Wednesday, June 12, 2013
The day I arrived to England, I knew I'd go back to Egypt after I finish my studies here. This fact didn't stop me from volunteering in charity work every while and helping others whenever I can. I don't have to belong to a country to do good there, because, in the end, I belong to the people living there. We do not share the same citizenship, but we share the fact that we are all humans.
Today, the UK Border Agency reminded me that I am wrong. They are not there only to draw borders on the map, but they also build borders between humans. I wanted my father to visit me for a couple of weeks. Because of a family matter, I needed him to be here with me and he needed to be here too. We applied for his visa, and filled and submitted every single document that is required. But in the end, those in UKBA recklessly refused the visa. The reason they gave was that they are not sure if he will return back to Egypt after he comes. The documents he submitted and his return ticket are supposed to be enough proof that he will, but the fact that we belong to a thirds-world country was enough for them to think he won't. I always believed that "all humans are equal", but the UK Border Agency reminded me today that, for them, "some humans are less equal than others".
Monday, June 3, 2013
Making myself a cup of tea reminds me how 8 months ago I used to put the the electric kettle on its base with its handle on the right side, while my mother used to put it with the handle on the other side, because she was left handed. I didn't know how to cook, and I seldom made my bed unless she asked me to, and my only way to say that I can be useful was to offer making her some tea every while. I then developed a bad habit. I used to put the kettle on and simply forget it, and usually I found her coming into my room later on, after making me the cup of tea I promised to make.

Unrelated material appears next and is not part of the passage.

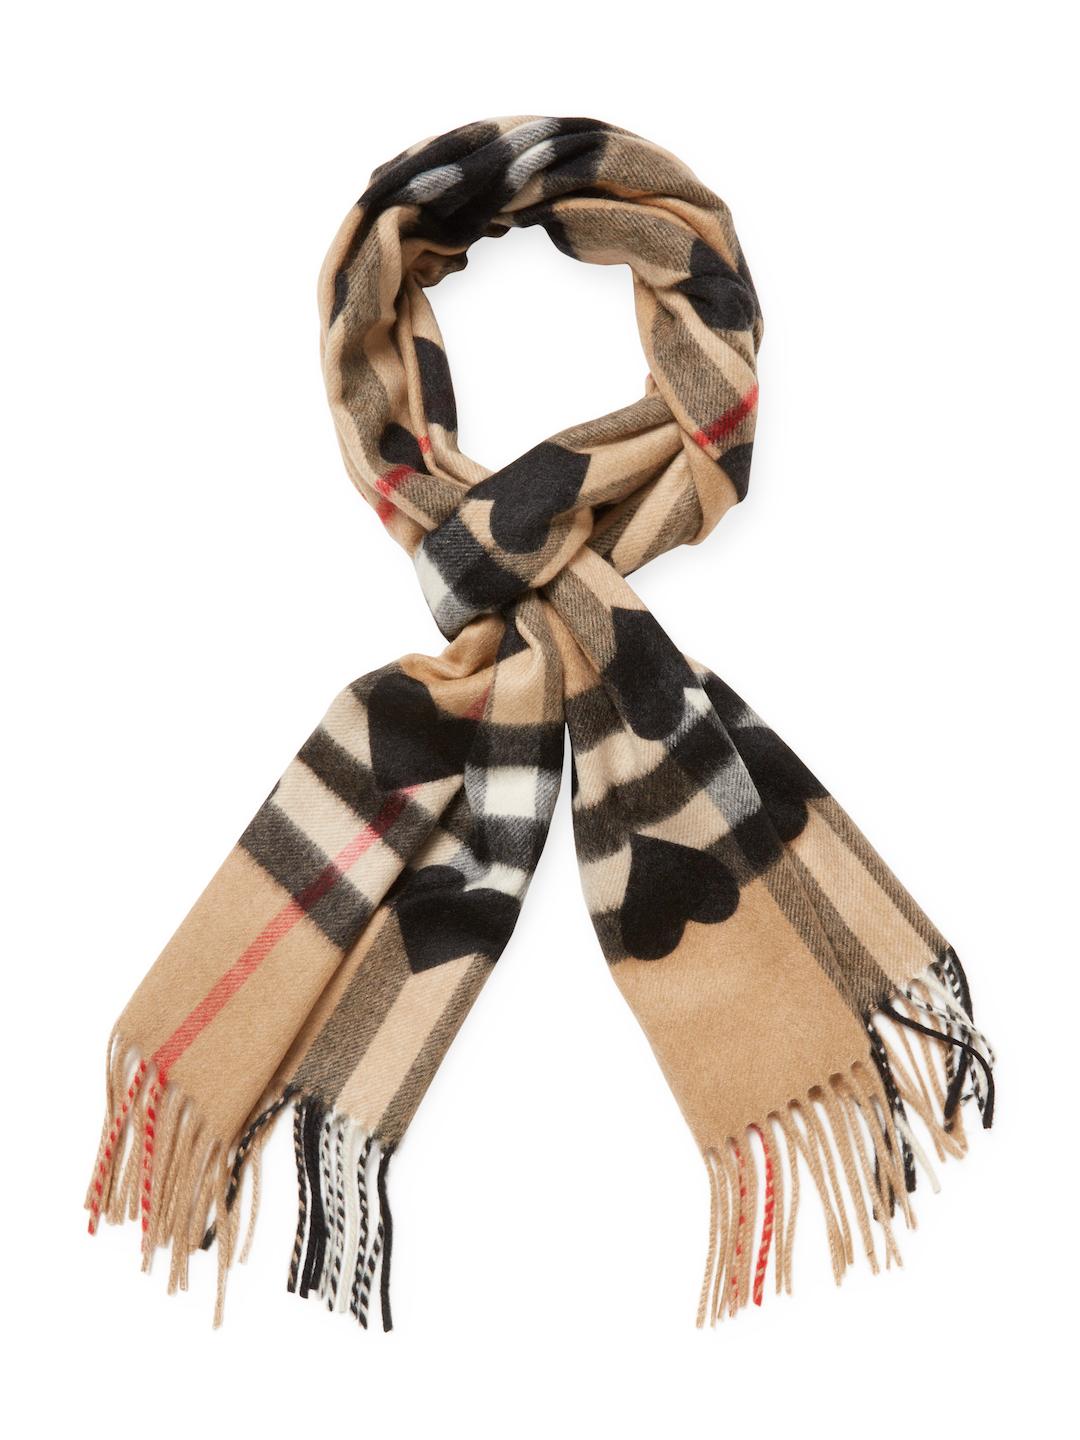 Burberry Cashmere Heart Scarf, 60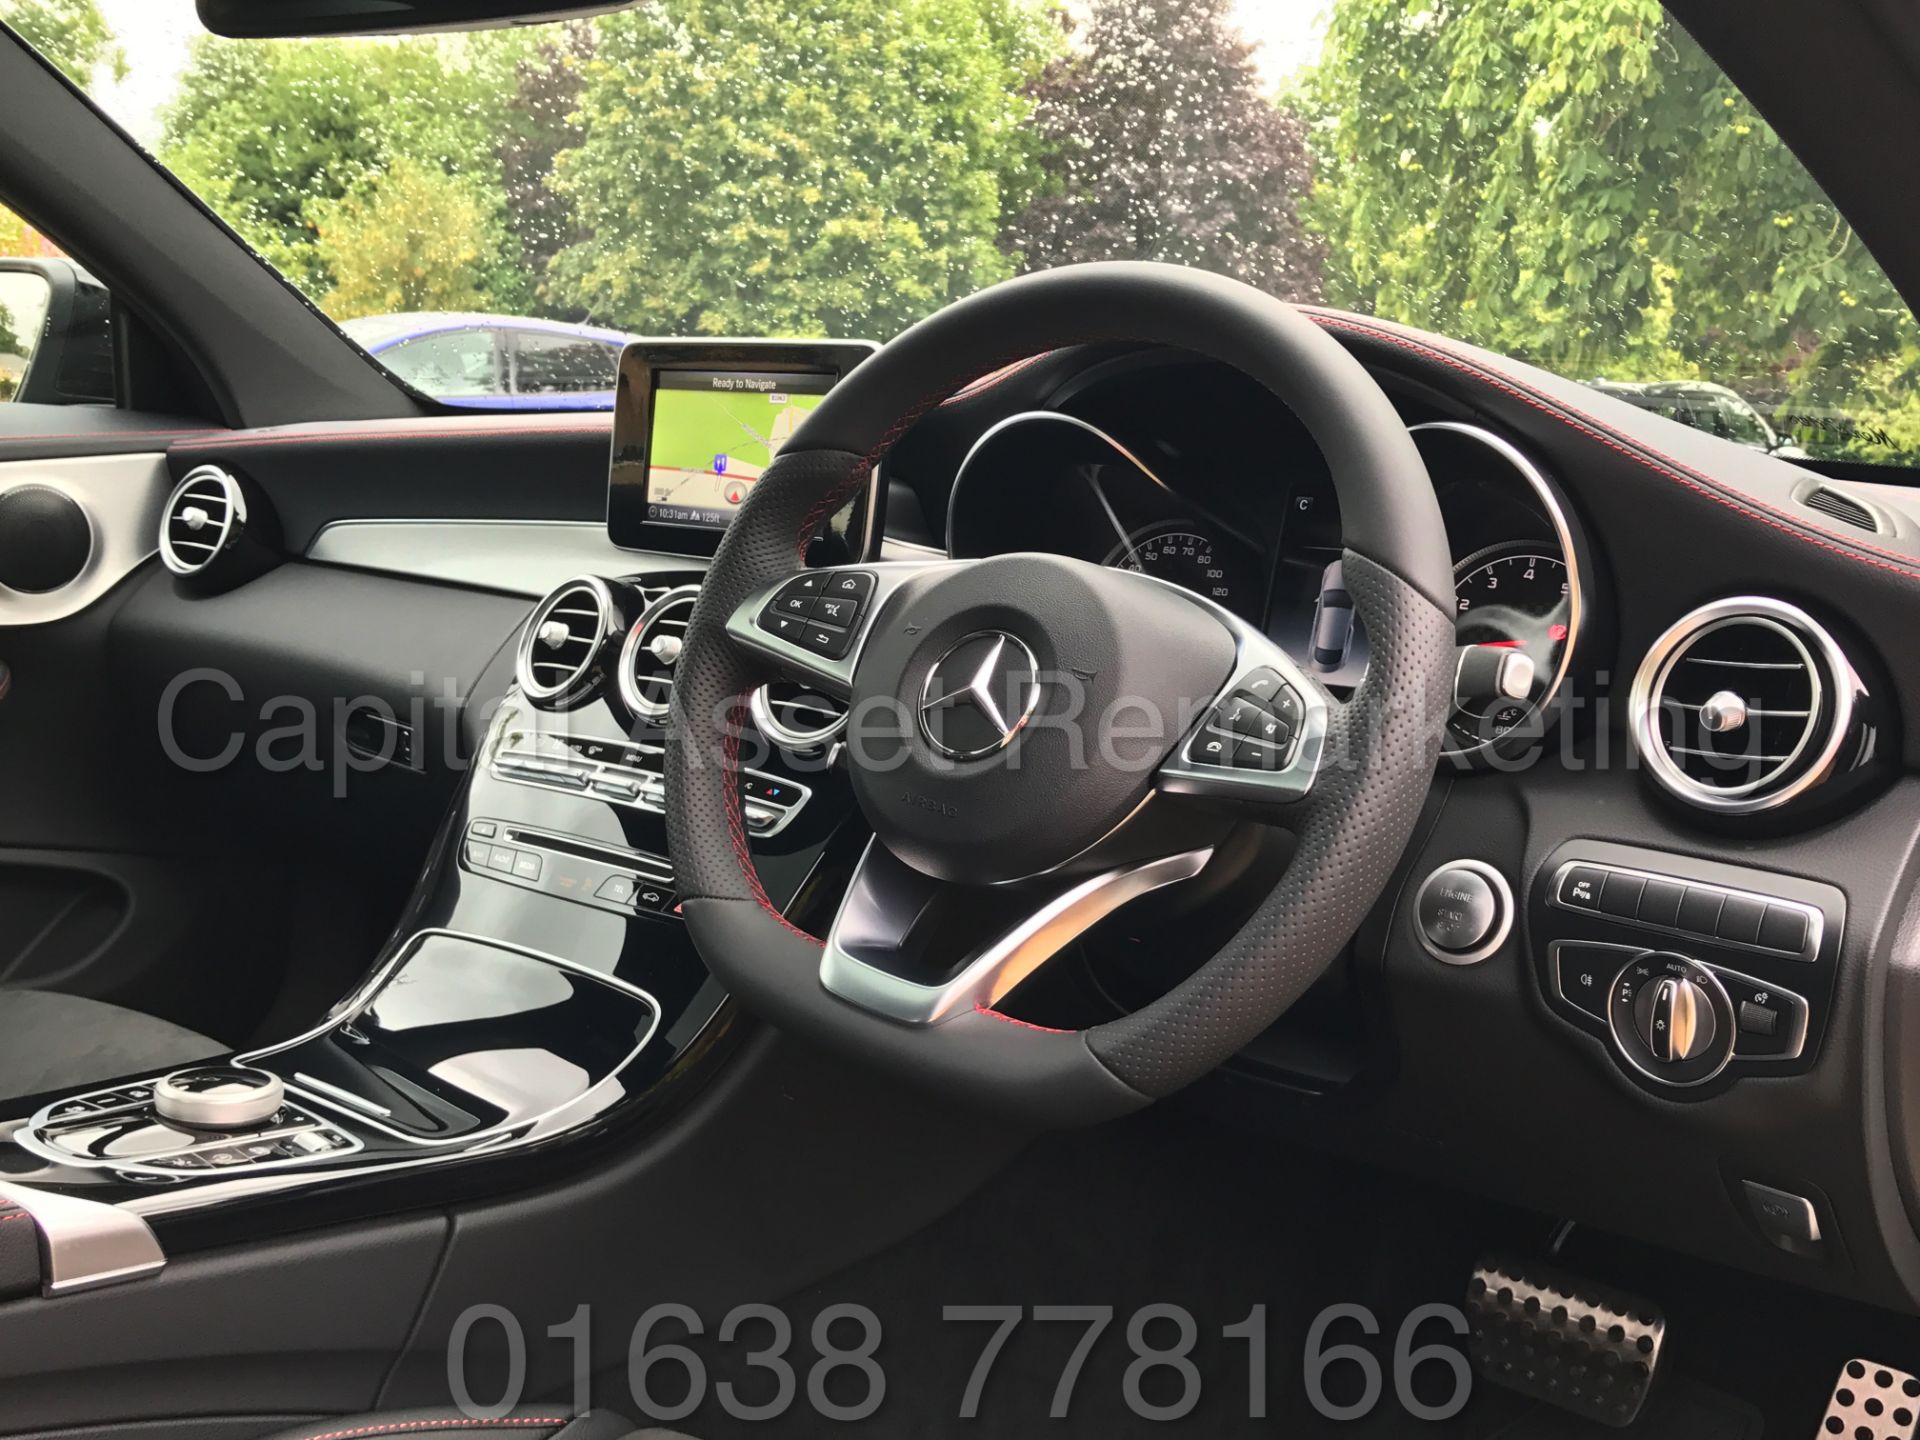 MEREDES-BENZ C43 AMG PREMIUM '4 MATIC' COUPE (2017) '9-G AUTO - LEATHER - SAT NAV' **FULLY LOADED** - Image 38 of 57

Later on, after I travelled to England to do my postgraduate degree, I started to learn how to cook different dishes. Although, they are some simple dishes, but I was really happy that I now can promise to make her one of them after I return back home. Spaghetti is the safest option, but come on, that one is very easy. May be, I should try rice with carrots and peas, but that's too cliché. How about a pie? I cannot assure making an edible pie every time, but if I failed, I can make those muffins I learnt to make too as a last-minute compromise.
The very same thoughts come to me every time I make myself I cup of tea. In fact, I can hardly find any detail in my day to day life where she is not present there. I wish we can bring people back to life the same way the tinniest details of our days bring our memories back to life. And I know the day those details will fail to remind me of her is that day I will be dead already.